Be careful of .otf fonts - they sound tempting because they are T1 outline so you would think they would work better in Linux than the .ttf flavored OpenType fonts - but they don't, they display OK in fontconfig aware apps but almost nothing knows how to print them. Some fontconfig apps (ie AbiWord) rightfully blacklist them because they know they can't print them.

Adobe still sells the Base35 fonts in Type 1 but it is difficult to find on their website. Yes, we have the URW that are free, but I can tell the difference and prefer the Base35. Unfortunately, fontconfig doesn't handle them properly because of how they are named internally. I think it is a bug, it should handle the Base35 properly - but it doesn't. Helvetica is where it screws up. If memory serves me, it is the Helvetica Narrow faces. I bought the ttf versions of Helvetica for screen though, so I'm all good. I just use the Type1 in LaTeX.

The URW clones are named in the way fontconfig likes them as far as family and weight goes. Thus - while they are metric compatible clones, they are different in how they are named - and that bothers me a little. I guess it shouldn't.

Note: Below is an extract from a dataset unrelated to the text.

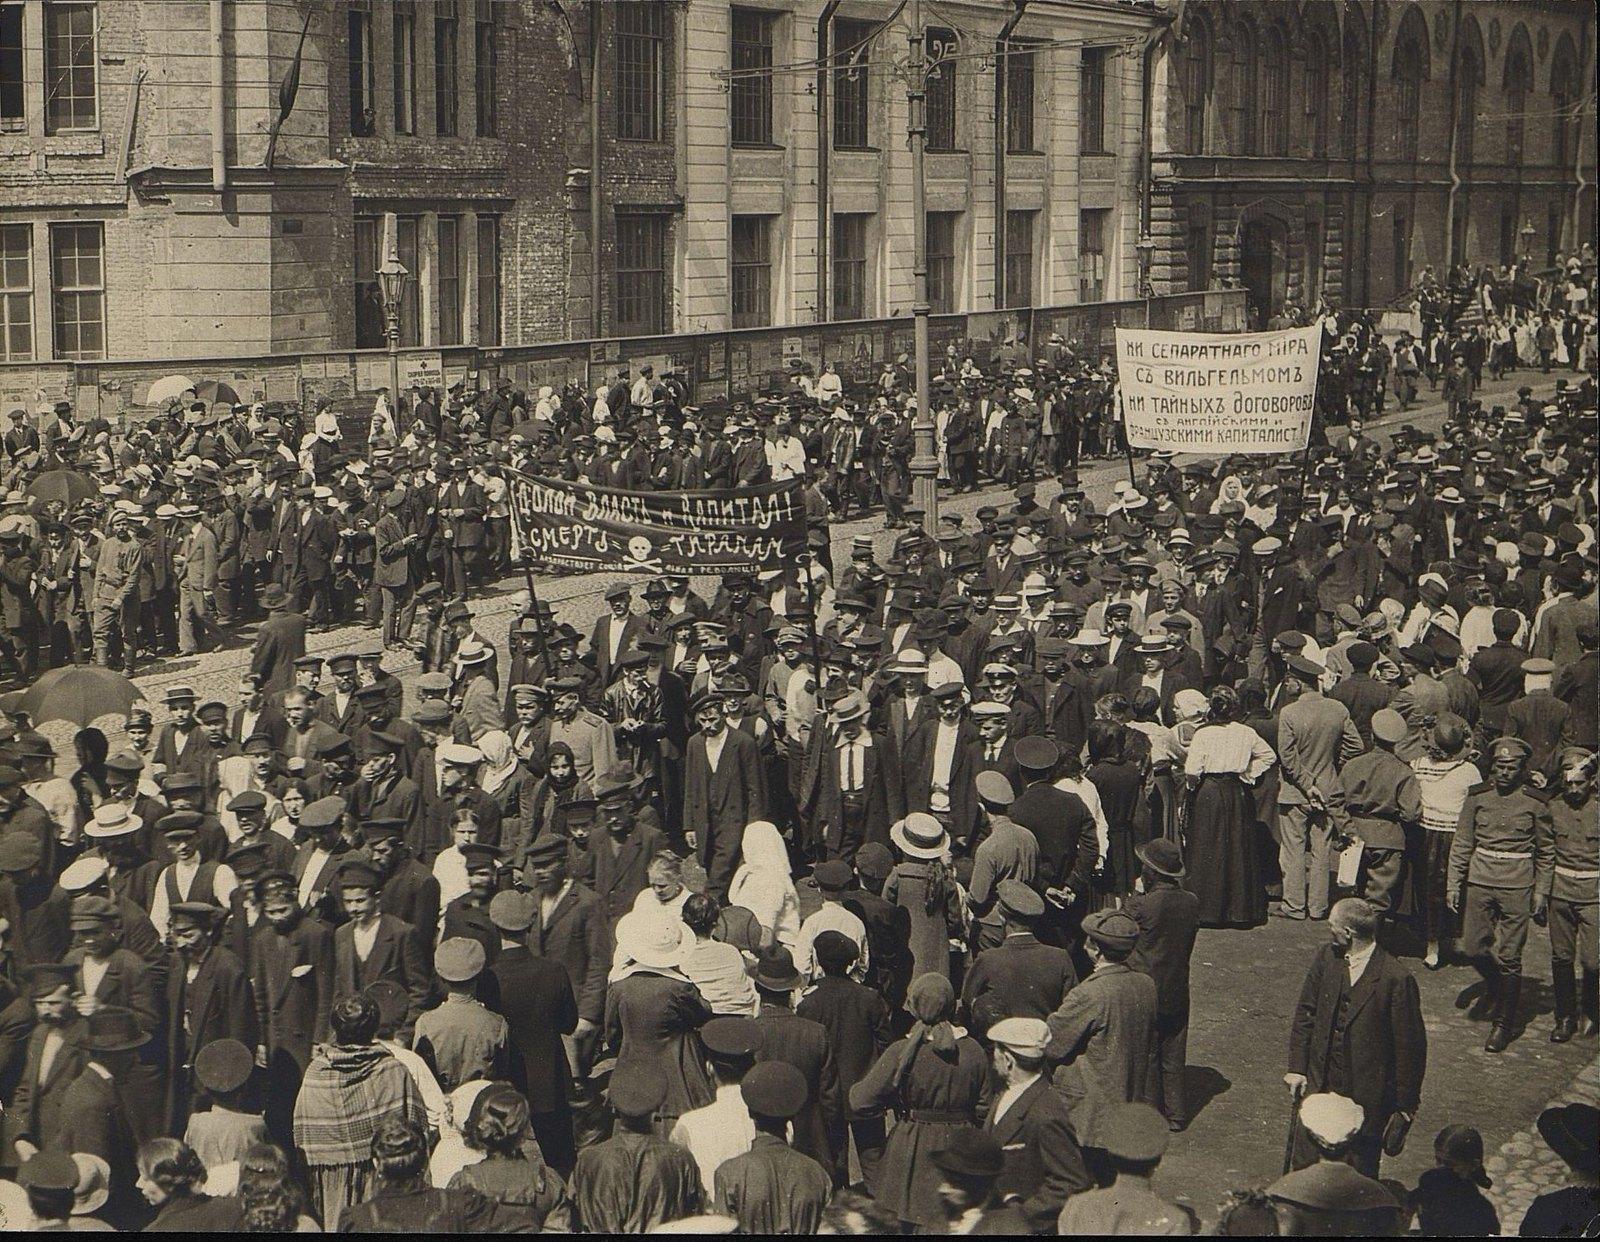 03. 3-5 июля.Июльские дни в Петрограде (на Литейном у Литейного моста)

Lucida Mono is the closest thing to the wonderful Apple font Monaco (same designer) - and is available in all four standard faces (Monaco is only available in Roman). When I grabbed them (myfonts.com) they were available in Type 1 - perfect for use with LaTeX - but I think they only have otf there now.

Lucida Mono also is funny with fontconfig due to the way they are named internally - I use it as my default monospace font for just about everything, it's really frustrating because font-config will fake embolden rather than use the real bold that's sitting right there just begging to be used.

I probably should look at a modern version of fontconfig - I'm still running FC6 as my desktop.
Doulis SIL also has some very nice fonts if you are into foreign character sets, some of them have been released with an open license. Free is always good.

The best ttf symbol font I've found is Symbol Proportional BT - it's not metric compat with Adobe Symbol, but it's a nice looking font, very well designed. Like many of the fonts I like though, it is commercial.